Trachinocephalus atrisignis
- Conservation status: Data Deficient (IUCN 3.1)

Scientific classification
- Kingdom: Animalia
- Phylum: Chordata
- Class: Actinopterygii
- Order: Aulopiformes
- Family: Synodontidae
- Genus: Trachinocephalus
- Species: T. atrisignis
- Binomial name: Trachinocephalus atrisignis Prokofiev, 2019

= Trachinocephalus atrisignis =

- Genus: Trachinocephalus
- Species: atrisignis
- Authority: Prokofiev, 2019
- Conservation status: DD

Species of fish

Trachinocephalus atrisignis, commonly known as the black-tipped lizardfish, is a species of lizardfish in the family Synodontidae. This species was described in 2019 by A.M. Prokofiev.

==Description==
This species reaches a length of 15.0 cm. It has a bluish-grey body with a saturated black spot on the tip of the dorsal fin. The snout length is 62.5-66.7% of the eye diameter, and the lower jaw has a concave dorsal edge that does not protrude beyond the upper jaw. It has 12-13 rays in the pectoral fin, 50-52 scales in the lateral line, and 53-54 vertebrae. It feeds on small invertebrates and other marine organisms.

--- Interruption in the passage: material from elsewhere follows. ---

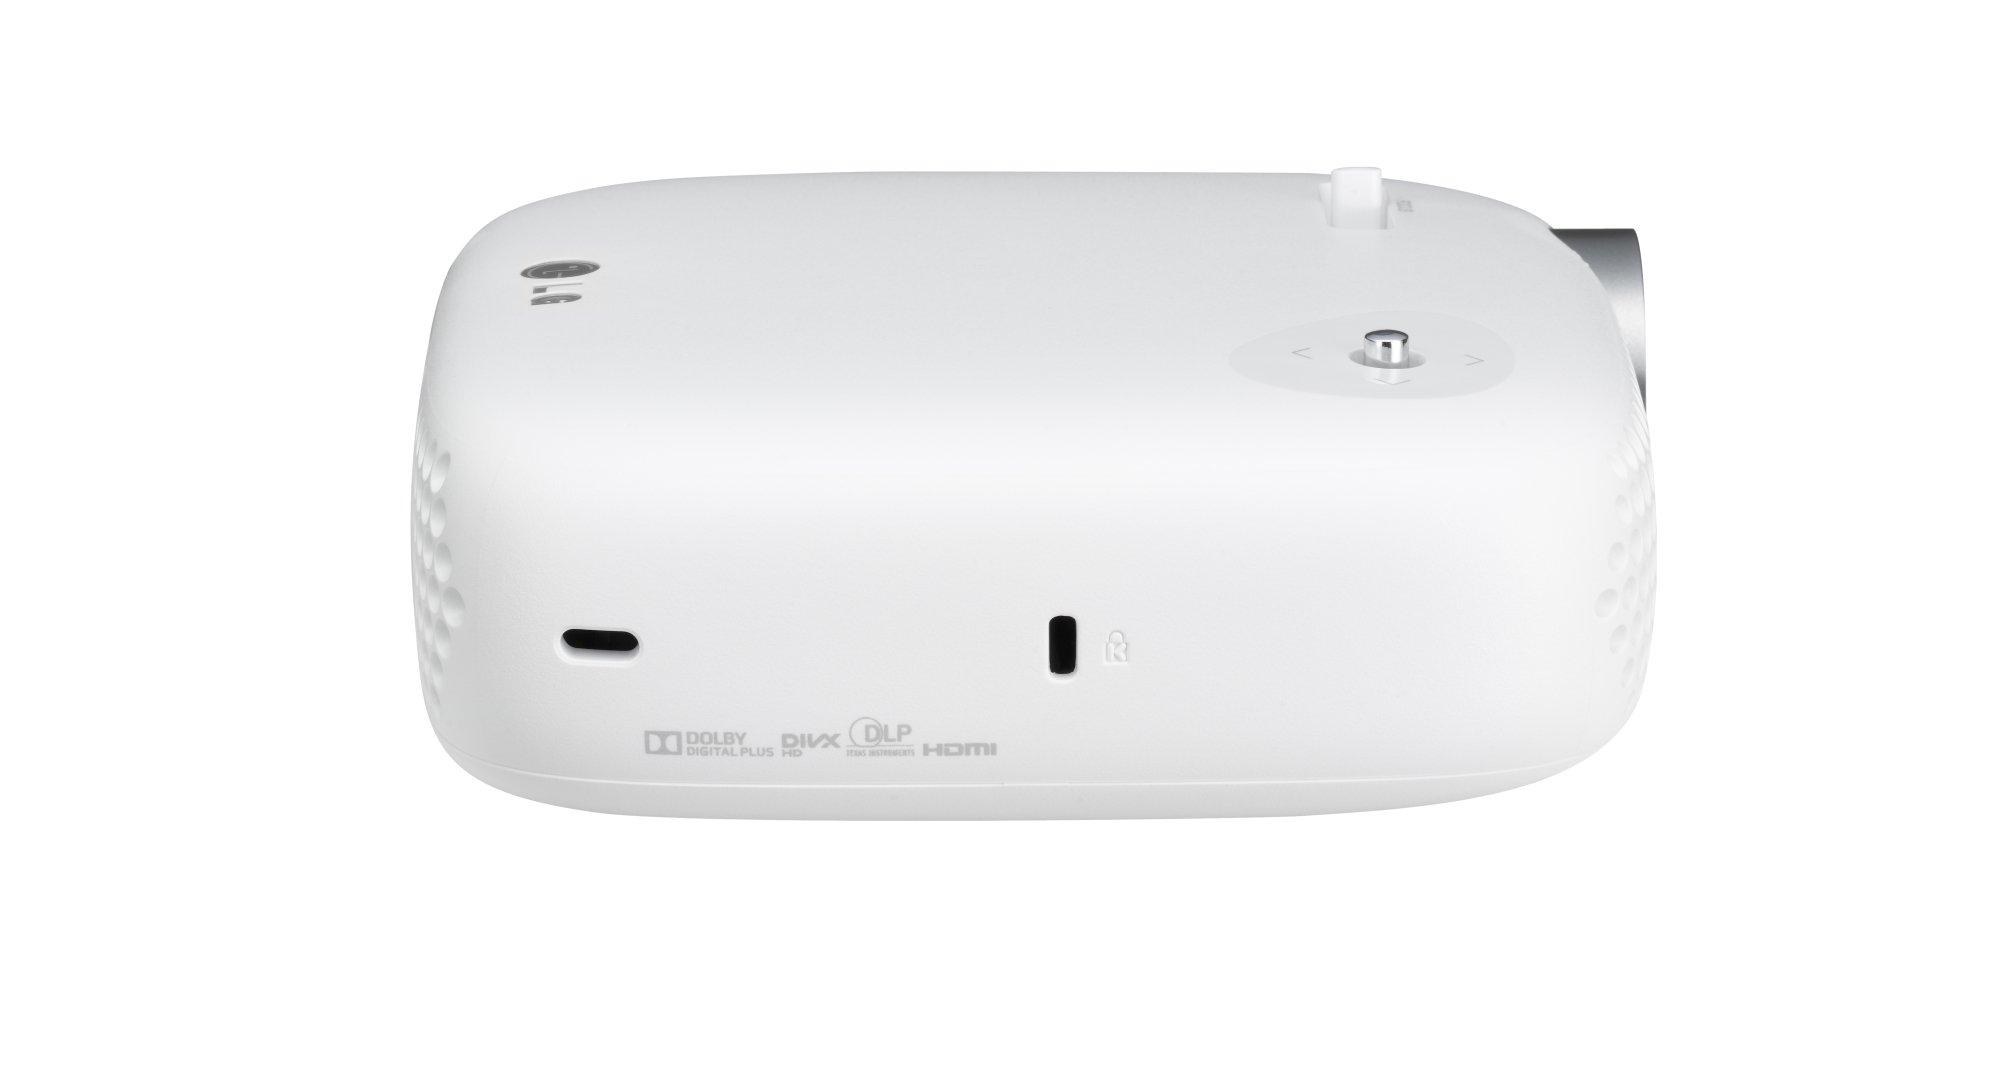 LG PW600G.AEU - Proyector, 600 lúmenes ANSI, color blanco: LG ...

==Distribution and habitat==
The species is endemic to the Western Indian Ocean, specifically near Socotra Island. They inhabit tropical waters and are often found near coral reefs.

==Etymology==
The genus name Trachinocephalus is derived from Greek, with "trachys" meaning rough and "kephale" meaning head. The species name atrisignis is derived from Latin, meaning "black tip", referring to the distinctive black spot on the dorsal fin tip.